The Drowned by John Banville; The Blue Hour by Paula Hawkins; Midnight and Blue by Ian Rankin; A Case of Matricide by Graeme Macrae Burnet; The Burning Stones by Antti Tuomainen
The Drowned by John Banville (Faber, £18.99)
The latest in Banville’s series set in 1950s Ireland begins with a Mercedes, engine still running, abandoned in a field by the sea in County Wicklow. It’s discovered by the reclusive Denton Wymes, who shortly afterwards encounters the “mad, or drunk, or both” Ronnie Armitage, who claims that his wife left the car abruptly and may have drowned herself. The behaviour of the couple in the nearby cottage, where the two men go to phone the police, is no less bizarre. When a search by the coastguards fails to recover a body, Detective Inspector Strafford is sent from Dublin to investigate. Strafford has problems of his own to contend with – his wife wants a divorce (possible only because the Straffords were married in England, but still no simple matter) and his lover Phoebe, daughter of the lugubrious pathologist Quirke, is pregnant. A beautifully written and intriguing slowburn of a book, in which the various quandaries in the main characters’ private lives are as absorbing as the central mystery, The Drowned is narratively connected to its predecessor but certainly works as a standalone.

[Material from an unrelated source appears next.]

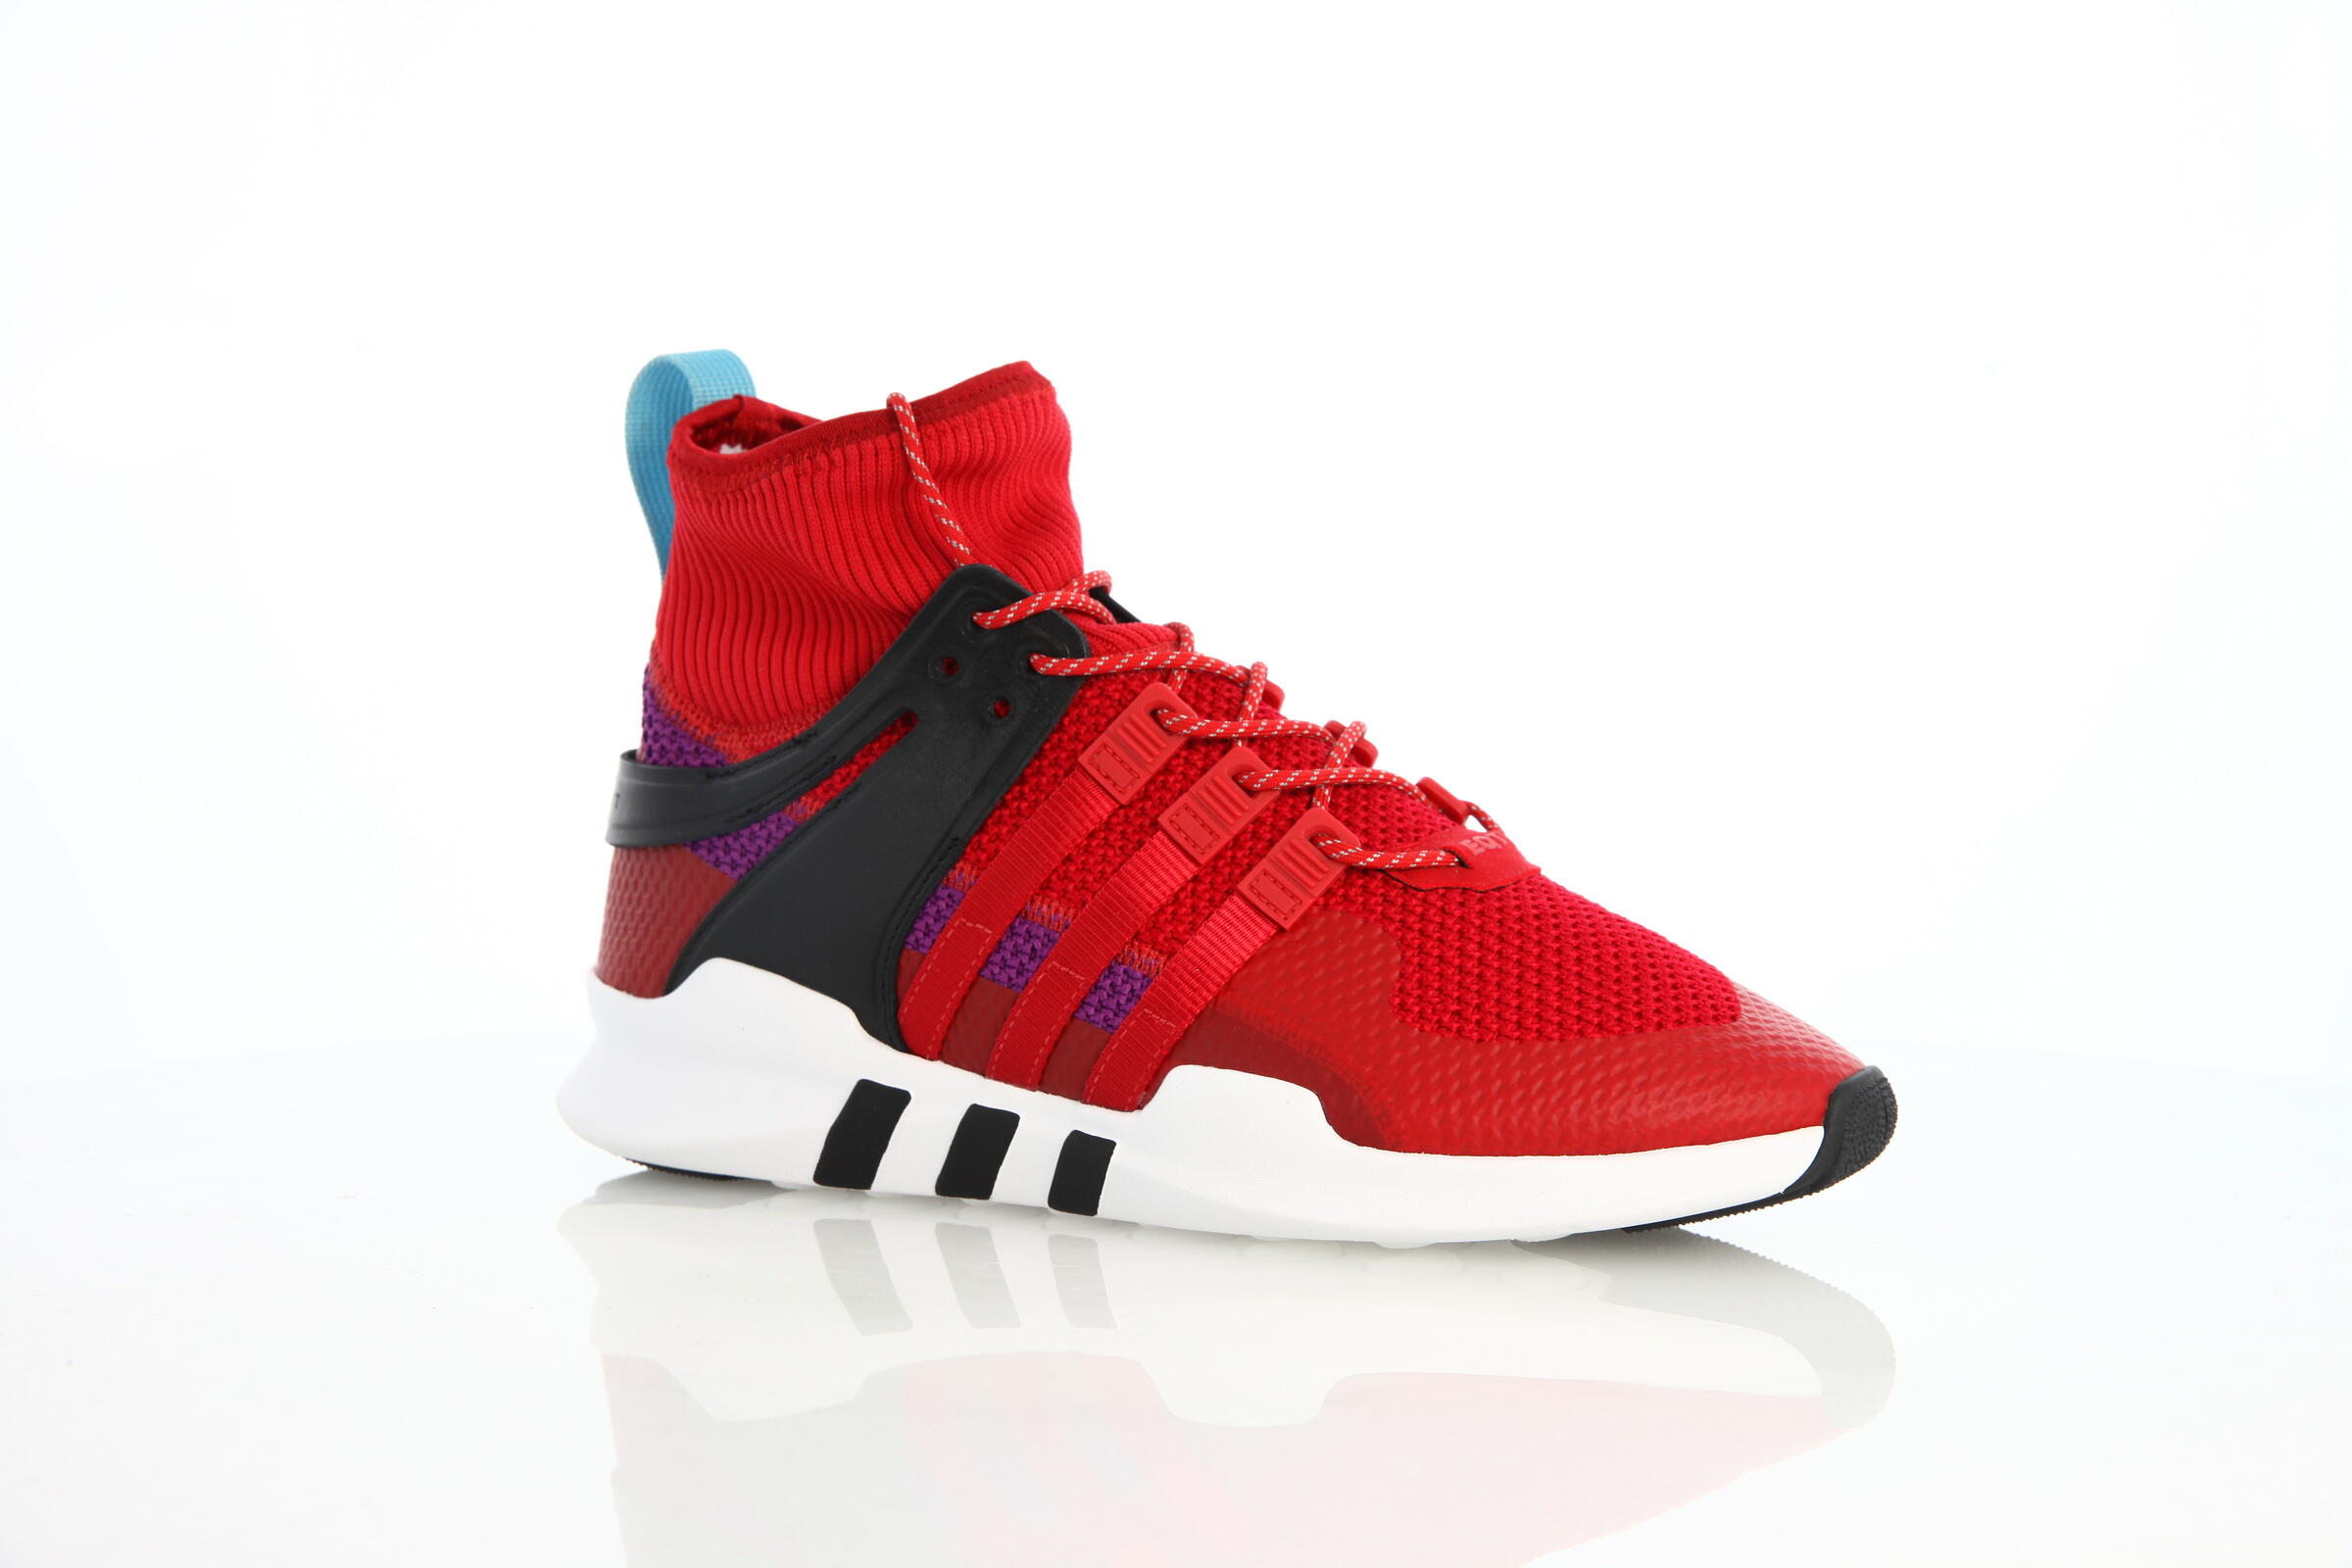 adidas Performance EQT Support Adventure Pack "Scarlet"

The Blue Hour by Paula Hawkins (Doubleday, £22)
The missing spouse in Hawkins’s latest novel is the philandering husband of famous artist Vanessa Chapman; he disappeared without trace 20 years before a bone in one of her “found objects” sculptures was identified as human by a visitor to the Tate. Vanessa herself is now deceased, having spent her last years in virtual seclusion on the Scottish tidal island still inhabited by Grace: old friend, carer, and keeper of the flame. When an art historian arrives with the twin aims of averting a scandal by “clearing up this bone business” and prising the remainder of Chapman’s work, willed to the foundation that employs him, from Grace’s reluctant hands, long-buried secrets are uncovered. With an intricate plot and multiple timelines and perspectives, The Blue Hour is a complex, atmospheric study of ambition, loyalty and betrayal.